En su haber, es indudable que supo prolongar el mayor ciclo de crecimiento económico en la historia reciente de Estados Unidos, que ha llevado el paro a mínimos en el último medio siglo y ha reducido la tasa de pobreza, aún a costa de acrecentar la deuda y el déficit comercial. Su reforma fiscal y la bajada de impuestos impulsó la dinámica alcista, hasta que quedó cercenada por la pandemia del coronavirus.
En el debe, lo más significativo quizás sea la pérdida de peso en el mundo de Estados Unidos, que ha renunciado a pilotar la lucha contra el cambio climático al abandonar el Acuerdo de París y ha socavado la fuerza de organismos tan esenciales como la OTAN, la Organización Mundial del Comercio o la Organización Mundial de la Salud, en plena pandemia de coronavirus.
Su legado más duradero serán, sin duda, los tres jueces conservadores que ha aupado al Tribunal Supremo, ampliando una mayoría que puede durar décadas y modelar así la vida del país.

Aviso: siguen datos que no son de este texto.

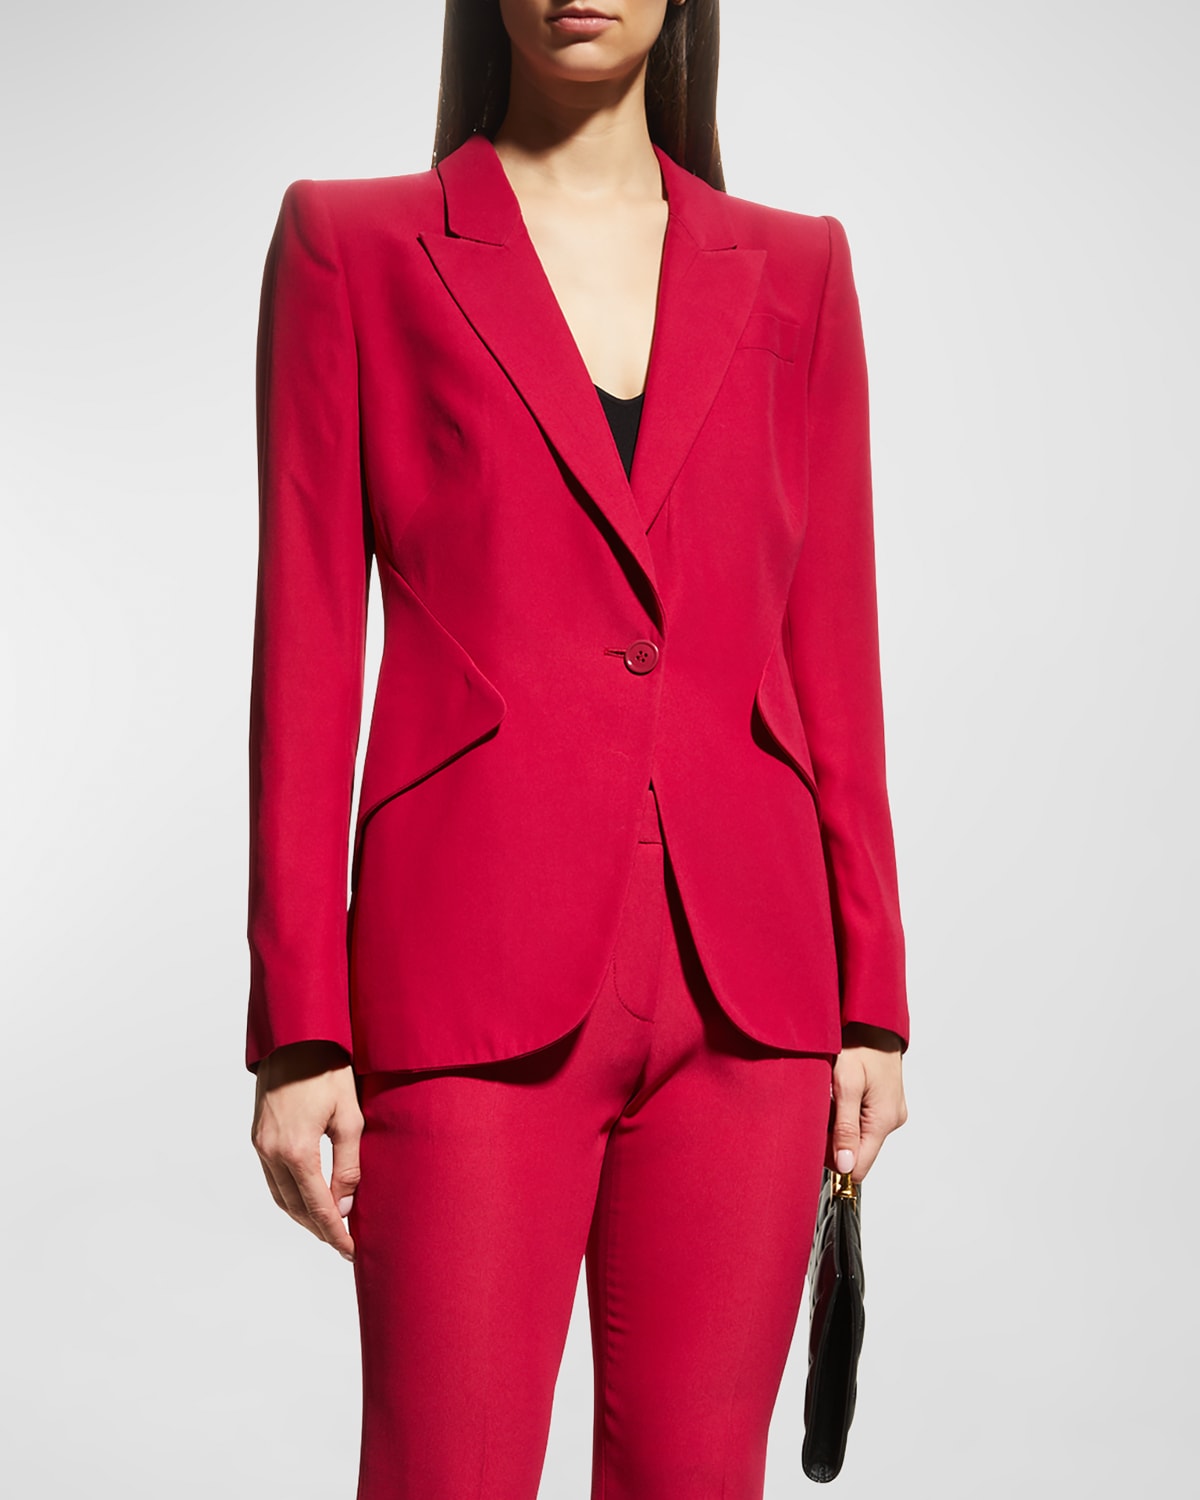 Alexander McQueen Classic Single-Breasted Suiting Blazer

Pero también el enfrentamiento con China, la gran potencia alternativa a Estados Unidos, abriendo lo que ya se empieza a denominar la Segunda Guerra Fría.
Una sociedad aún más dividida
También quedará para la historia como el tercer presidente que es sometido a un juicio político en el Congreso, en su caso por la llamada trama rusa para influir en las elecciones de 2016, aunque fue exonerado por el Senado, de mayoría republicana, tras una semana de sesiones y sin acudir a declarar.

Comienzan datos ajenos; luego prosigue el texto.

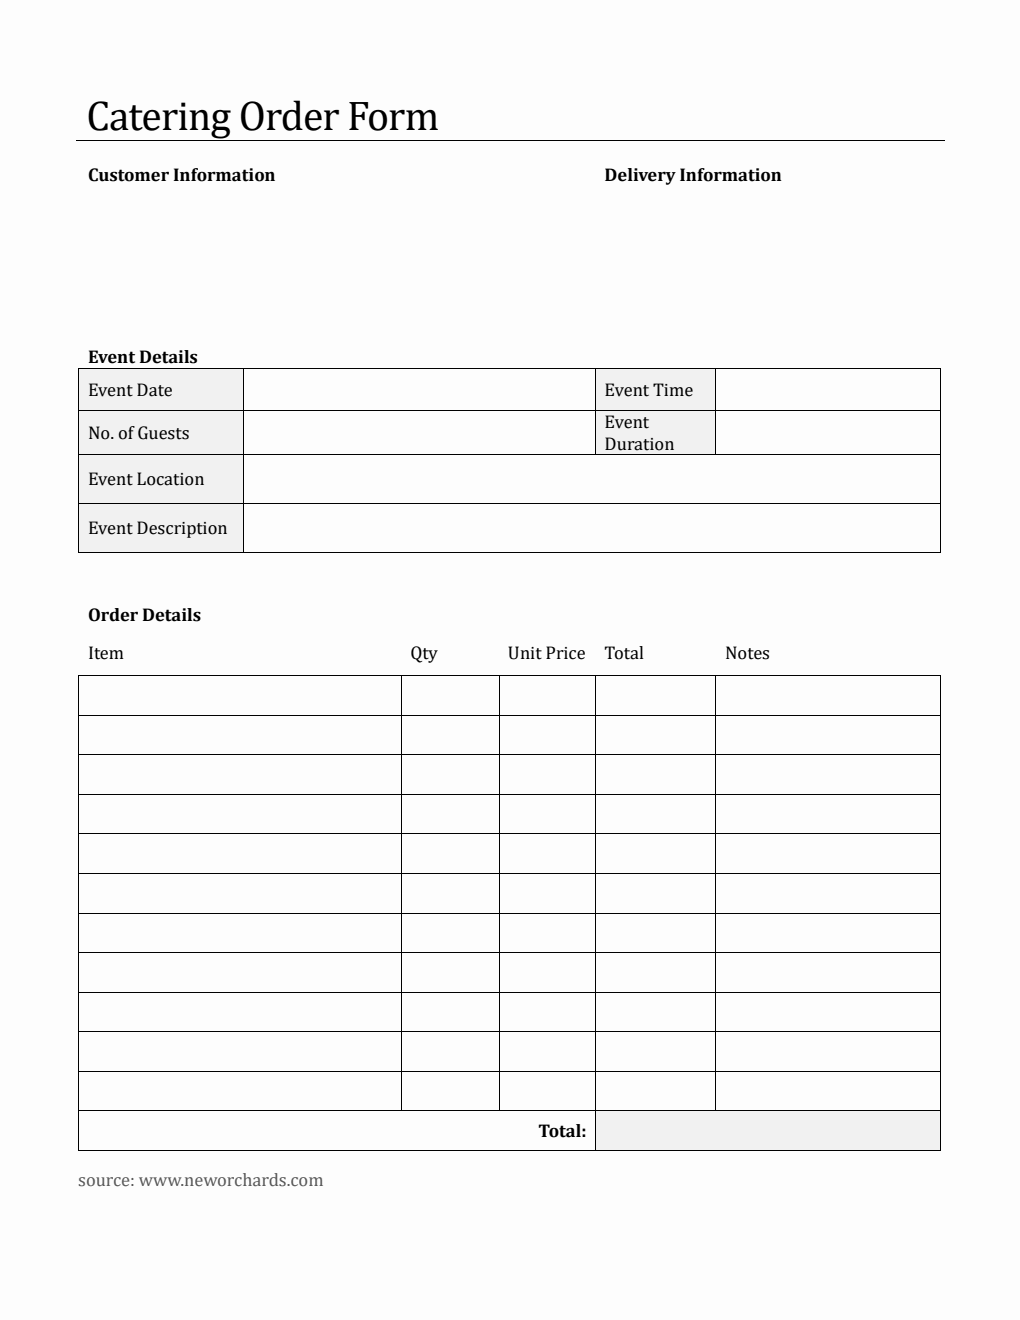 Editable Catering Order Form Template in PDF

Ese impeachment fallido quizás sea el epítome de la polarización social que Trump ha insuflado en la vida política y social estadounidense, que ha alcanzado a casi todos los ámbitos, desde la liga de fútbol americano -su enfrentamiento con los jugadores que se arrodillaban durante el himno para protestar contra el racismo fue sonado- hasta la lucha contra la peor pandemia en más de un siglo: en Estados Unidos, llevar mascarilla te alinea con los demócratas, mientras que no llevarla te identifica con los republicanos. Y que ha iniciado una nueva forma de hacer política, que busca más el enfrentamiento que la colaboración.
El resultado es que los estadounidenses viven más lejos unos de otros, encerrados en visiones del mundo contrapuestas. Un estudio del Pew Research Center elaborado antes de las elecciones revela que un 39 % de los simpatizantes de Trump dicen no tener amigos demócratas y otro 38 %, solo unos pocos, mientras que entre los seguidores de Biden, el 42 % asegura no tener amigos del otro bando y el 35 %, unos pocos. Lo que implica que tres de cada cuatro estadounidenses tiene pocos o ningún amigo que no sea de su misma opción política.

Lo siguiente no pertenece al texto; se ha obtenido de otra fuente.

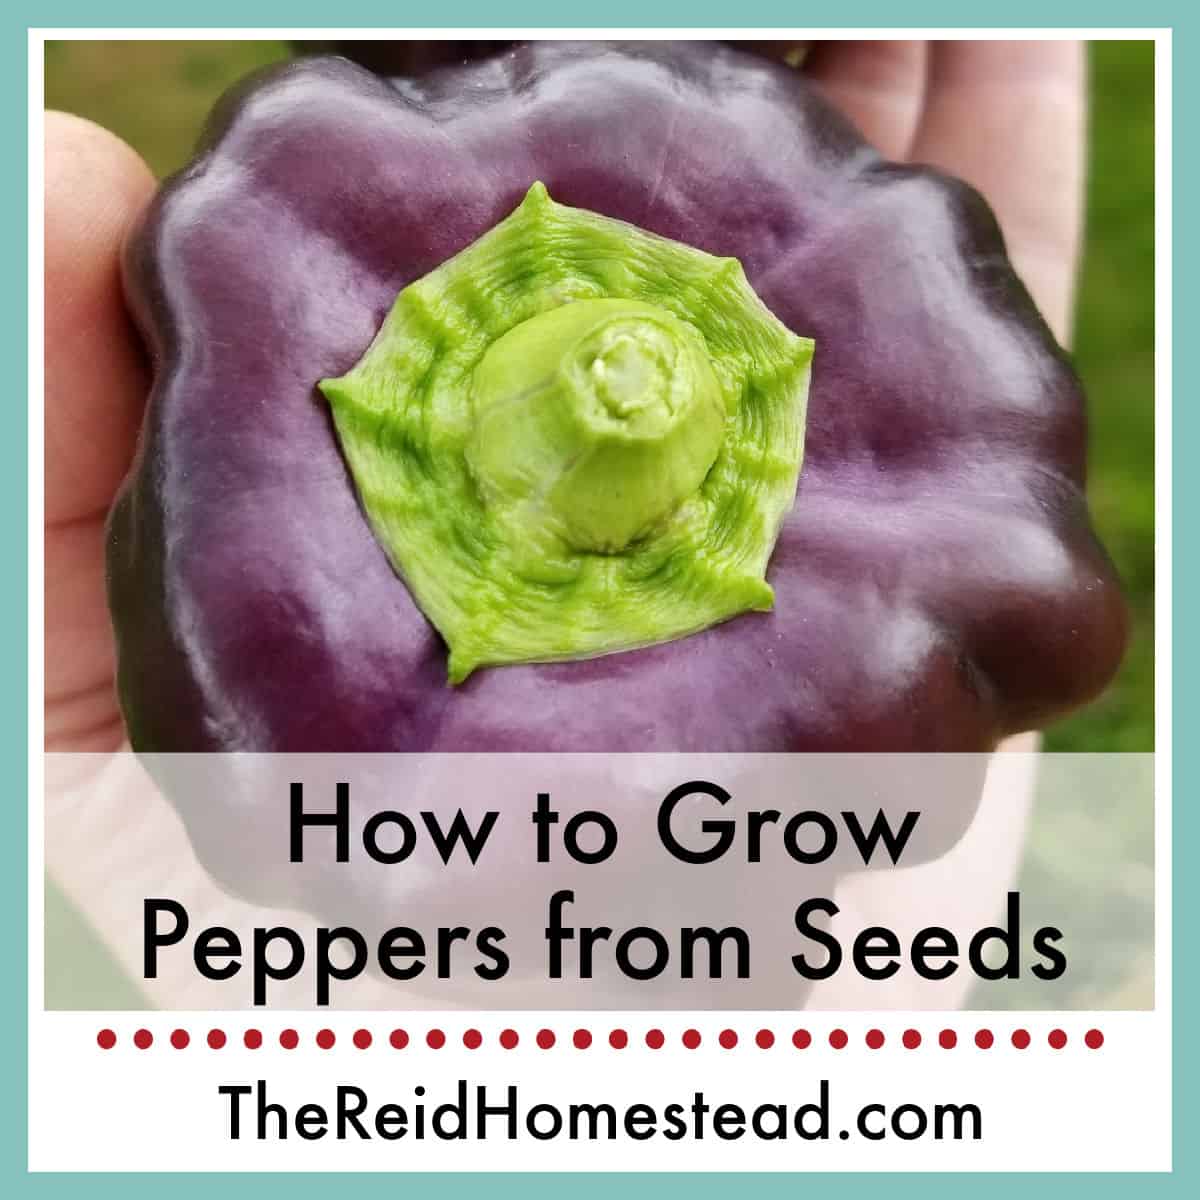 close up of a purple bell pepper, text overlay How to Grow Peppers from Seeds

Esa divergencia no es solo responsabilidad de Trump -las cifras eran algo inferiores hace cuatro años, pero ya preocupantes-, aunque como presidente haya exacerbado las divisiones hasta límites asfixiantes. Es la base de su éxito, pero también de su fracaso al intentar ser reelegido, al provocar una enorme movilización de ambos bandos -Bloomberg estima que la participación oscilará entre el 68,6 % y el 72,1 %, la más elevada desde 1900- que le ha sacado de la Casa Blanca. Está por ver por cuánto tiempo, puesto que su entorno ya ha deslizado que no descarta volver a presentarse en 2024 a un segundo mandato, ya con 78 años. Quién sabe, quizás queda Trump para rato.